**AVAILABLE DATA**.
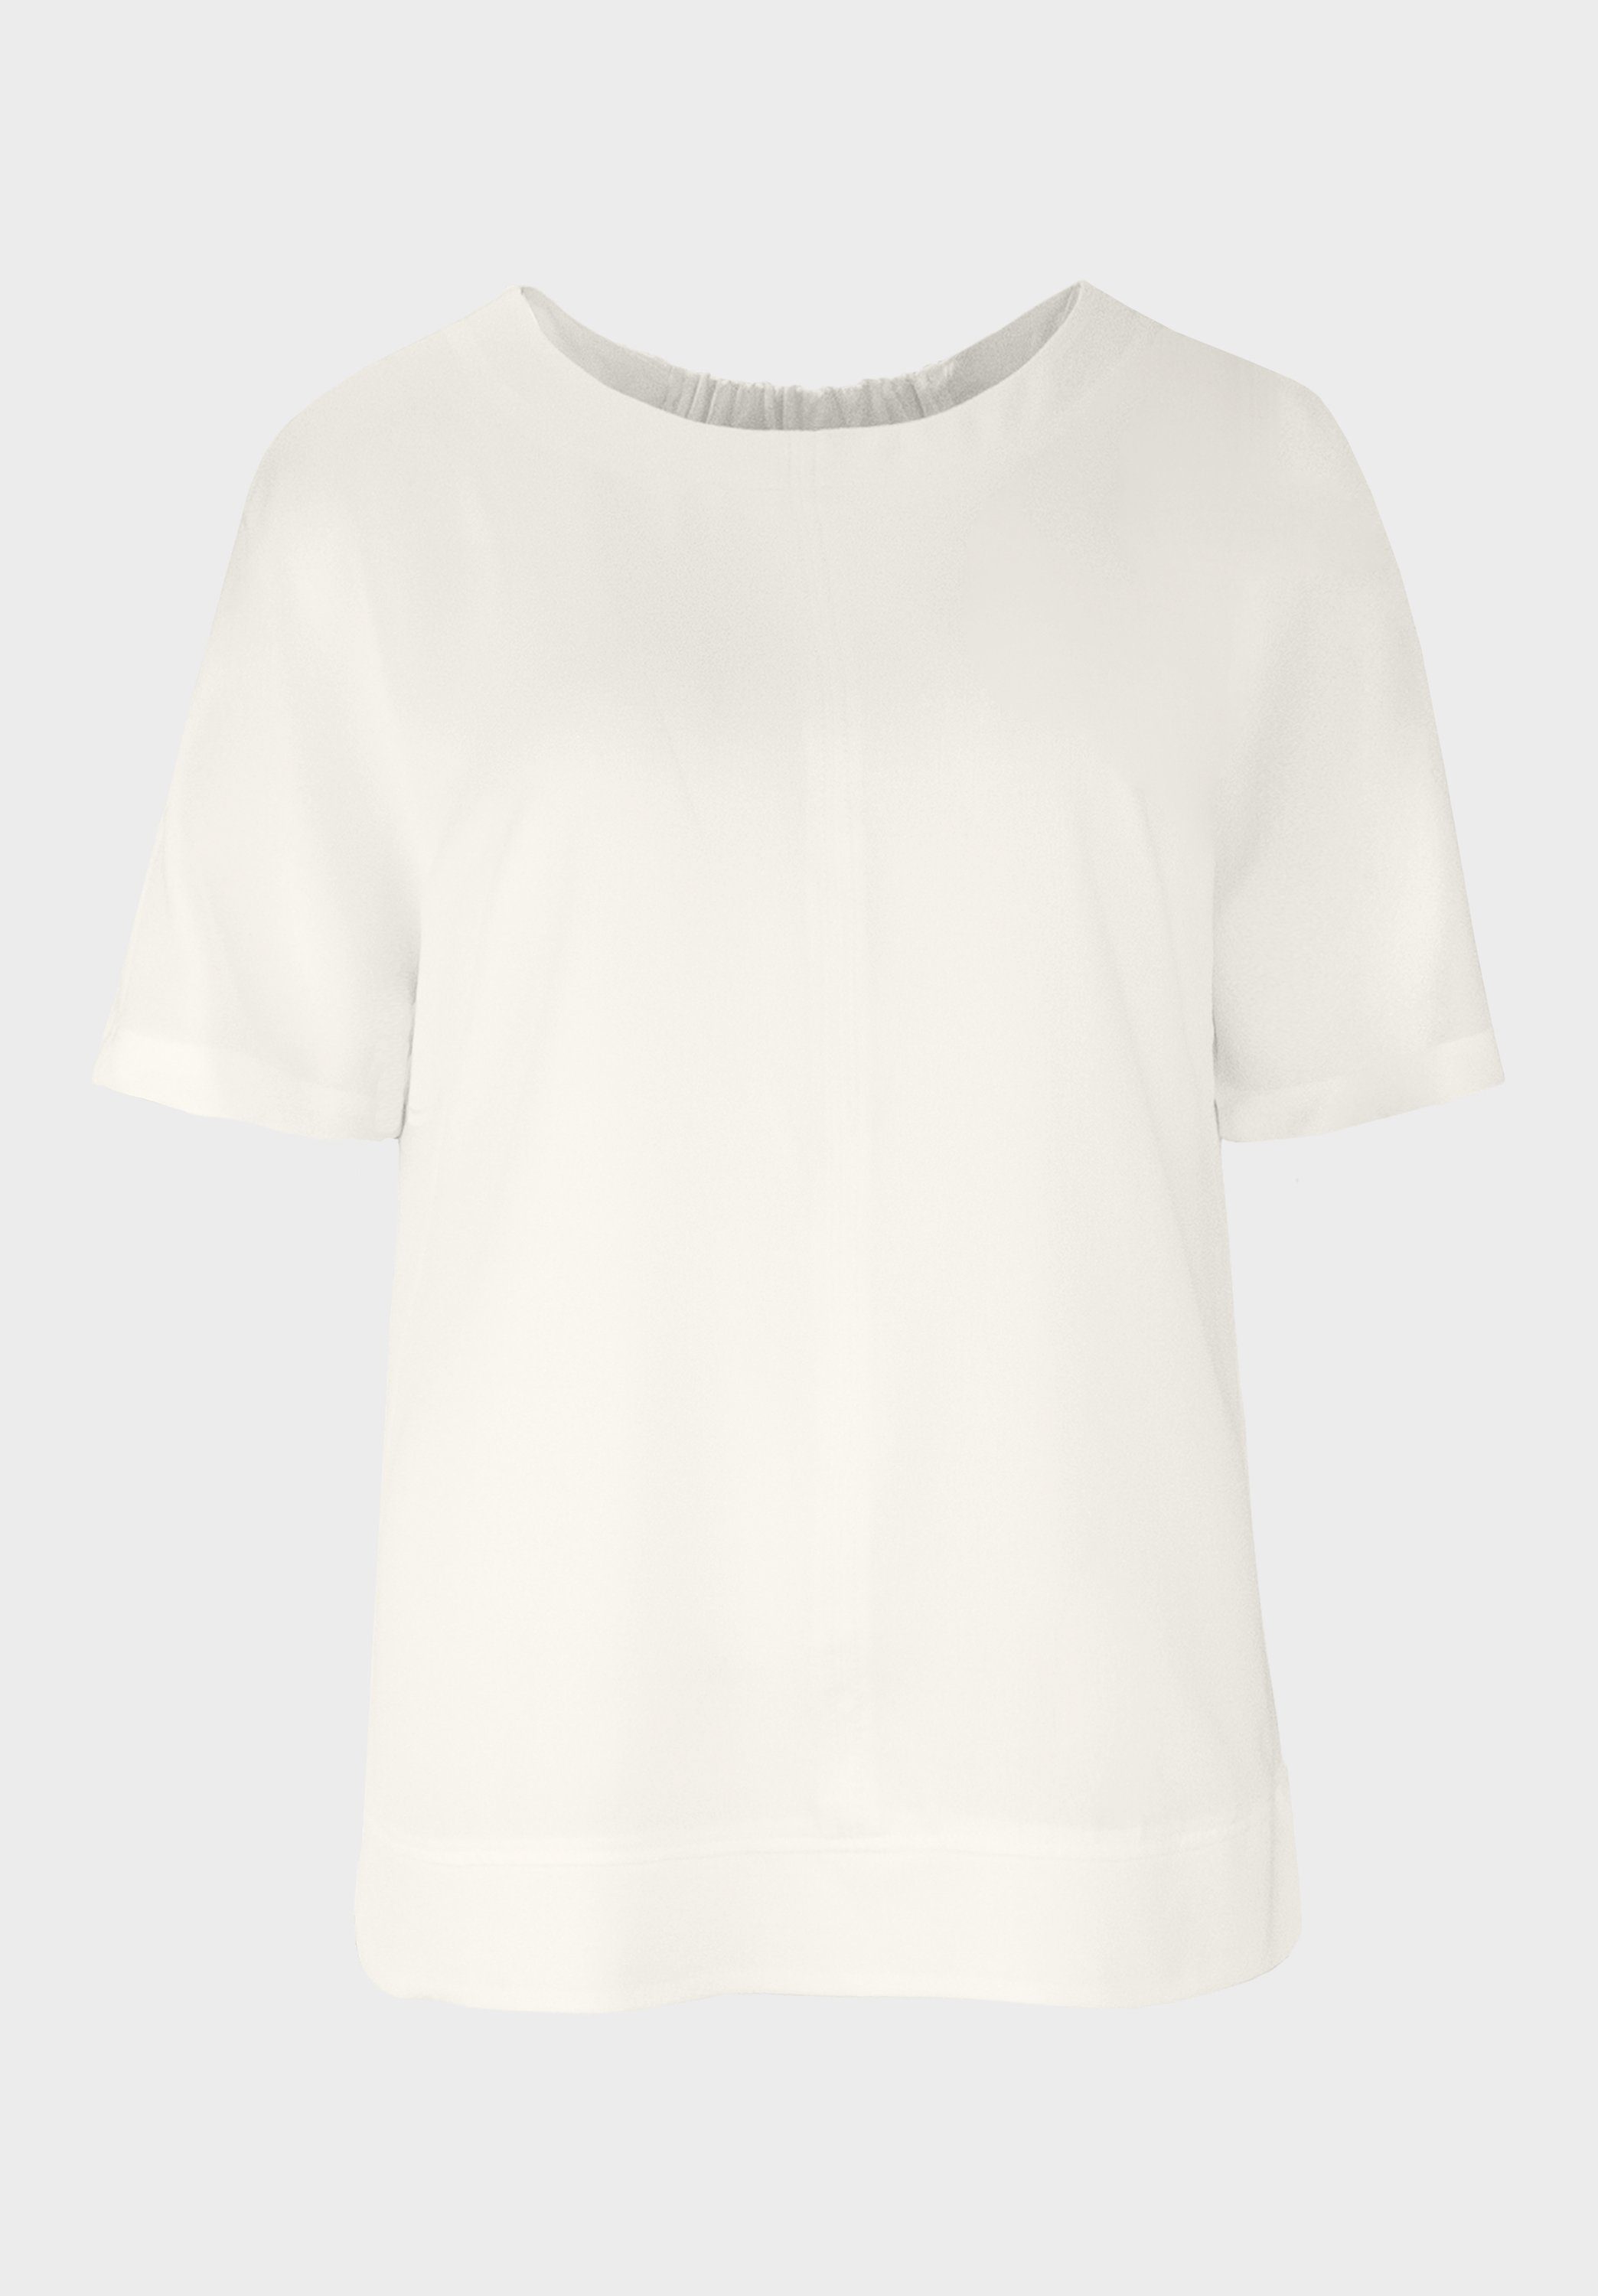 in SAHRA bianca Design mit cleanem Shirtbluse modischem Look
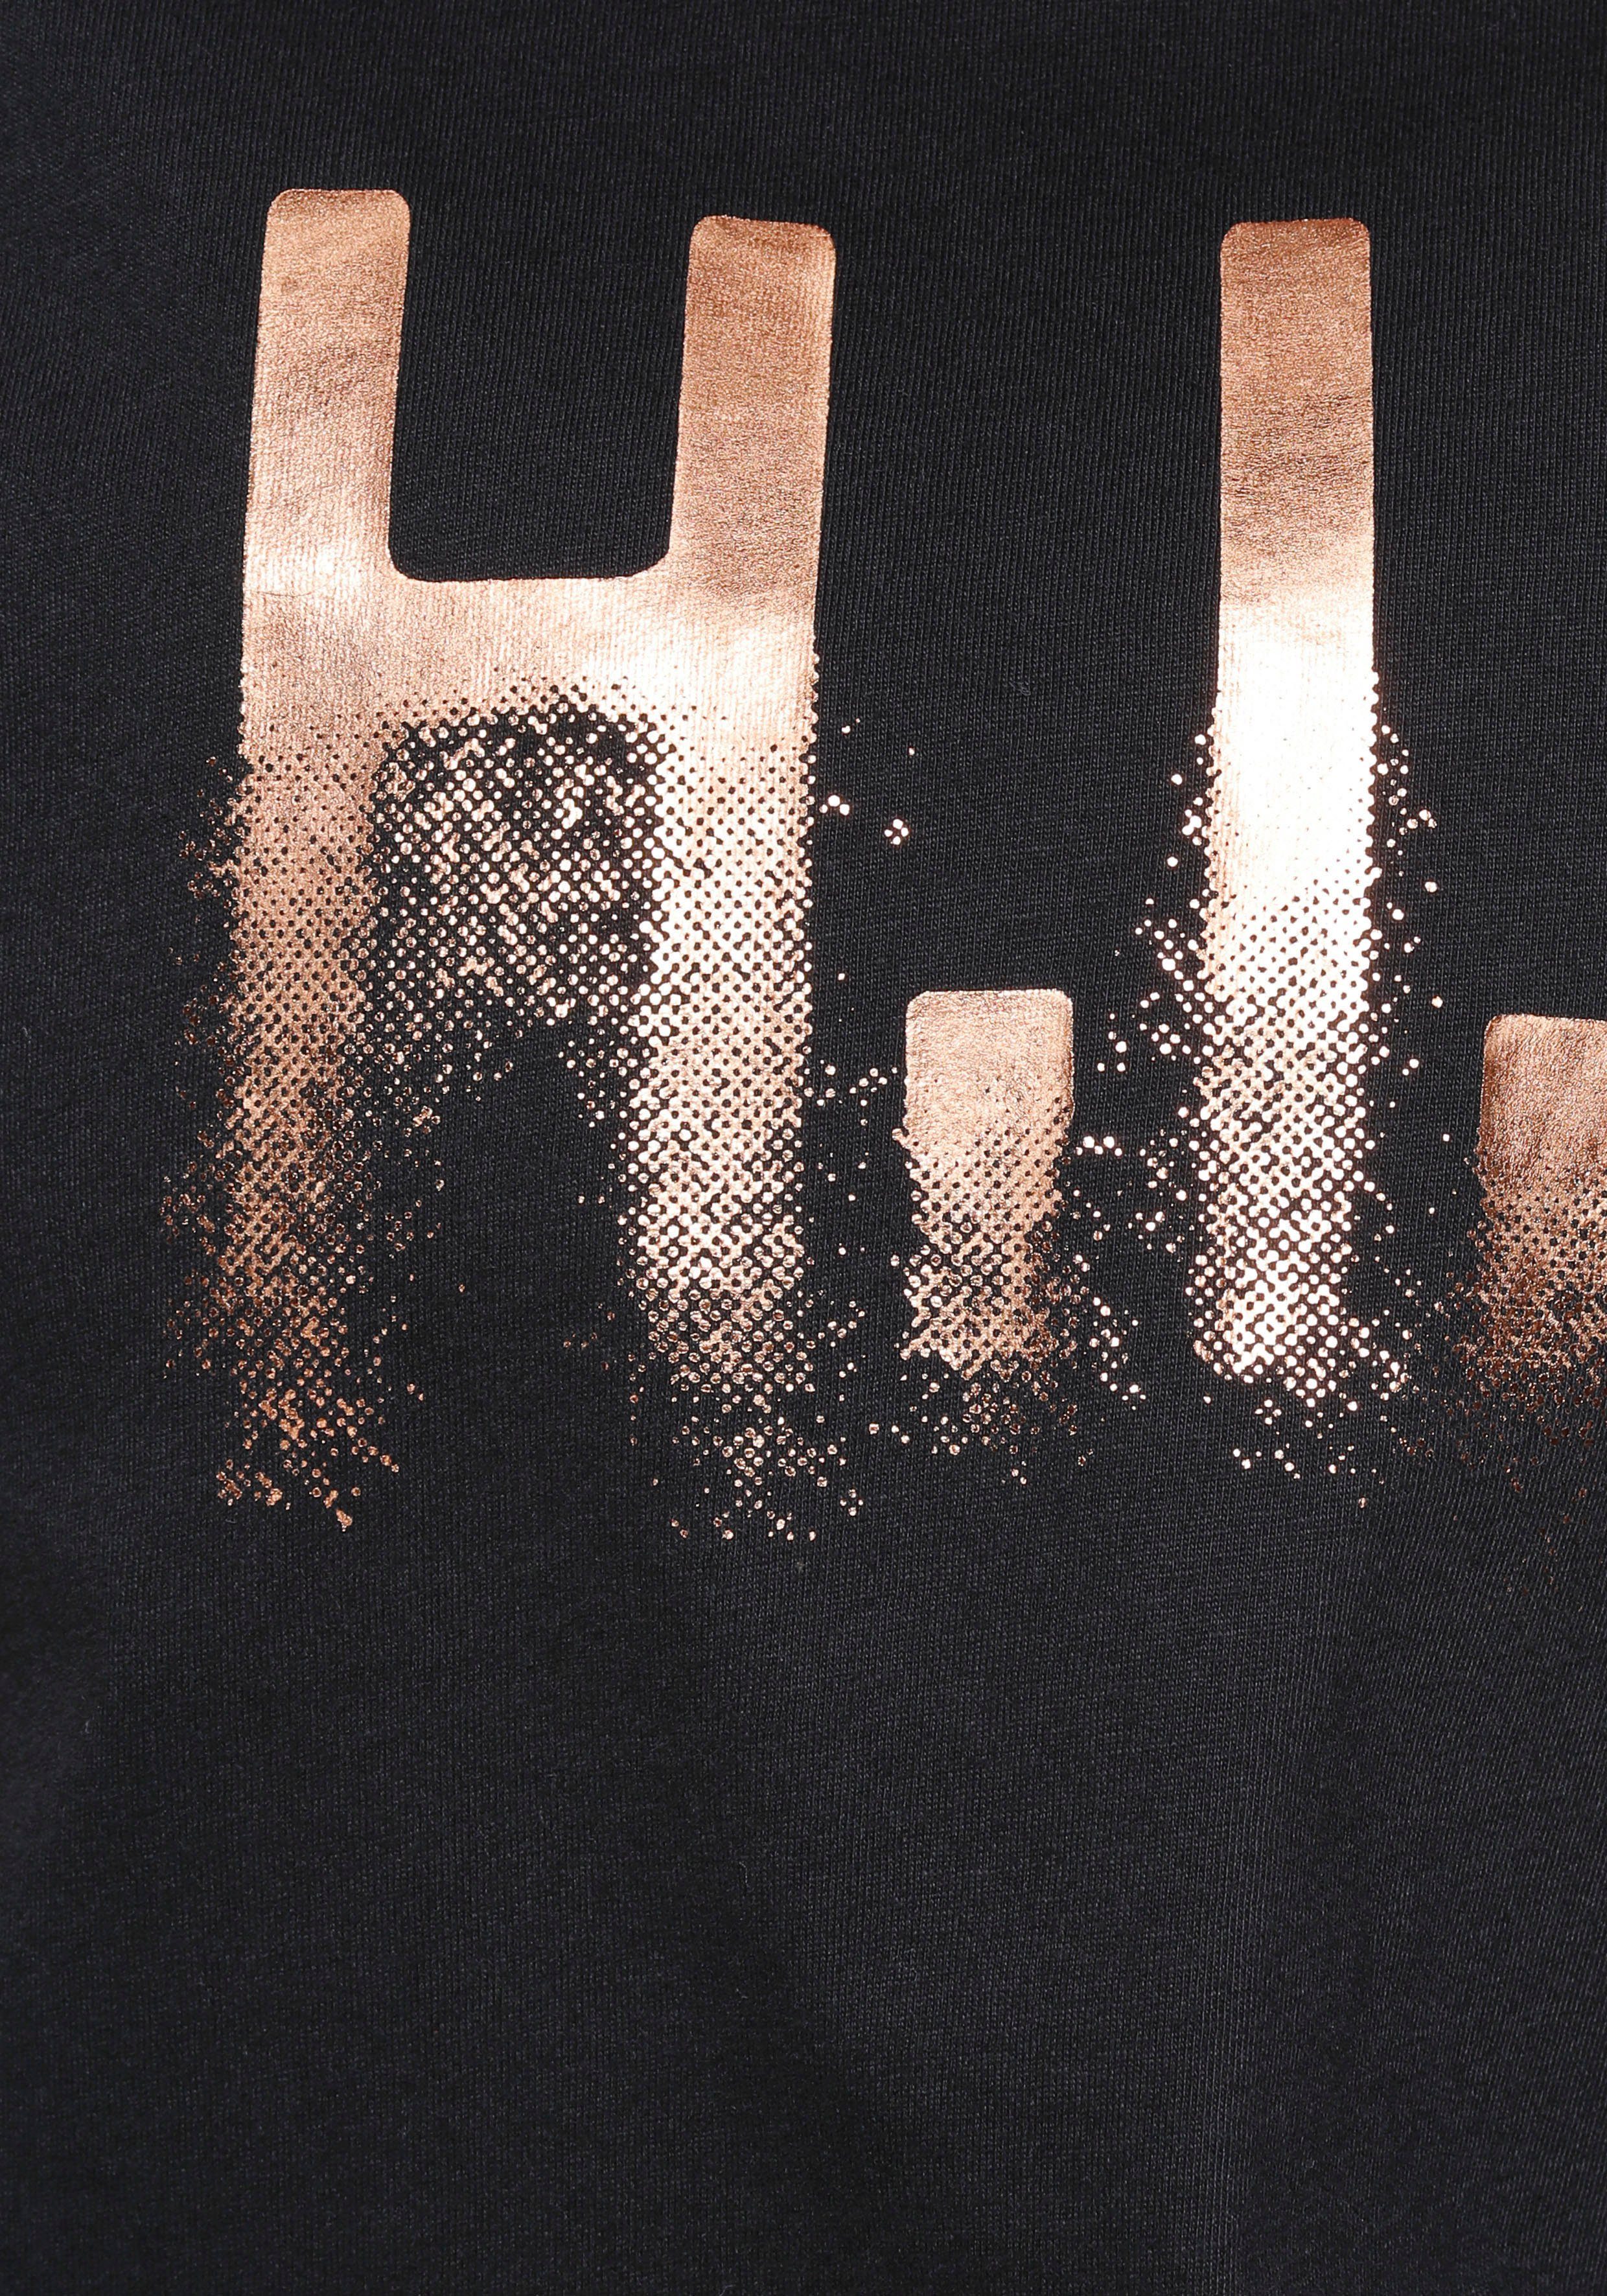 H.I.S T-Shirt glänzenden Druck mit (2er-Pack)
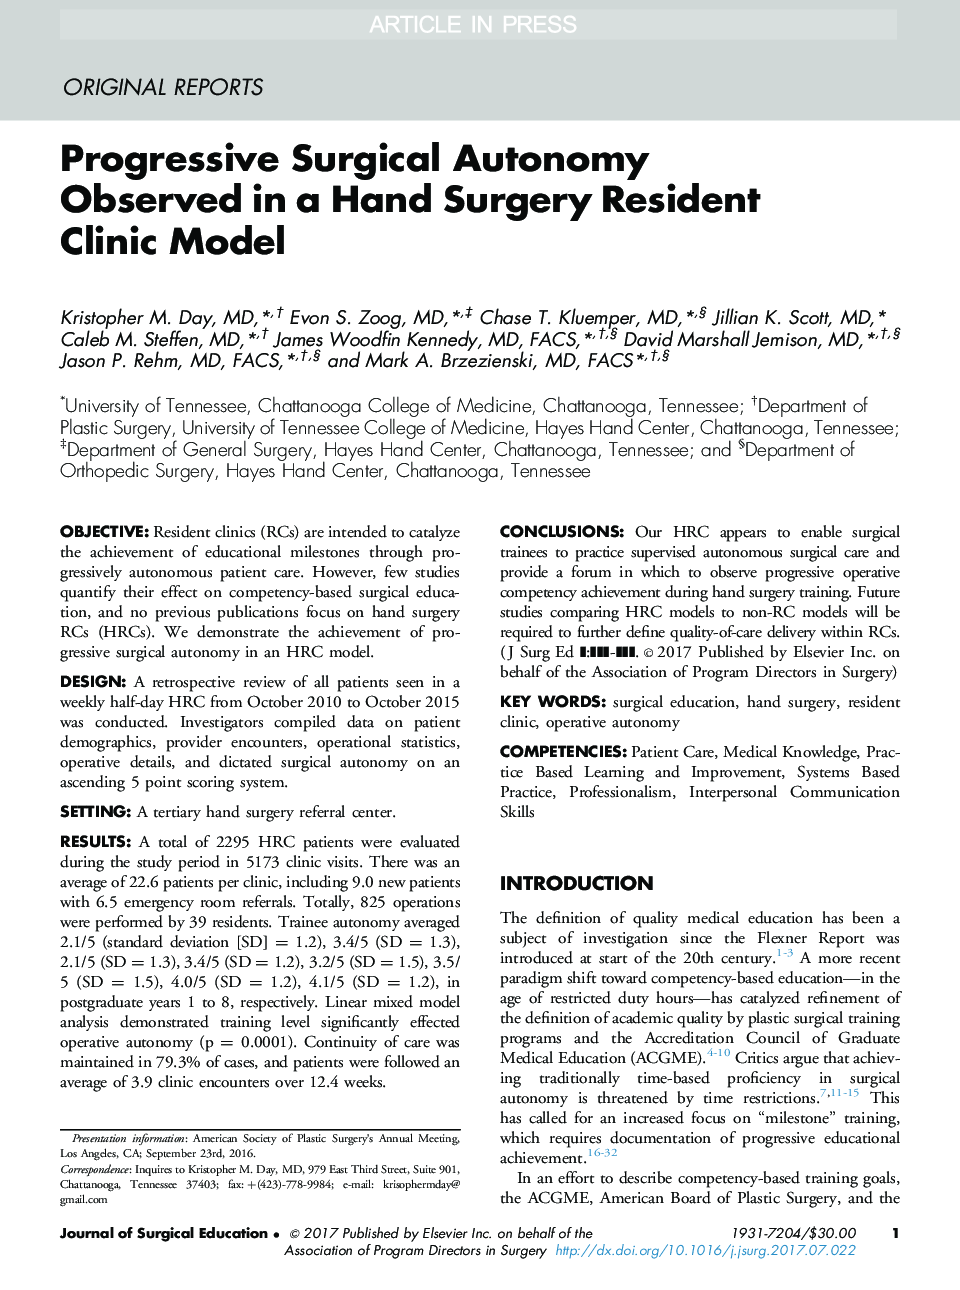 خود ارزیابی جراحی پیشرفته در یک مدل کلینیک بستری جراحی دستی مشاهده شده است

**WORK TASK**.
Would you return the material above exactly, apart from its pictures?

**RESULT FOR THIS TASK**.
 in SAHRA bianca Design mit cleanem Shirtbluse modischem Look
 H.I.S T-Shirt glänzenden Druck mit (2er-Pack)
 خود ارزیابی جراحی پیشرفته در یک مدل کلینیک بستری جراحی دستی مشاهده شده است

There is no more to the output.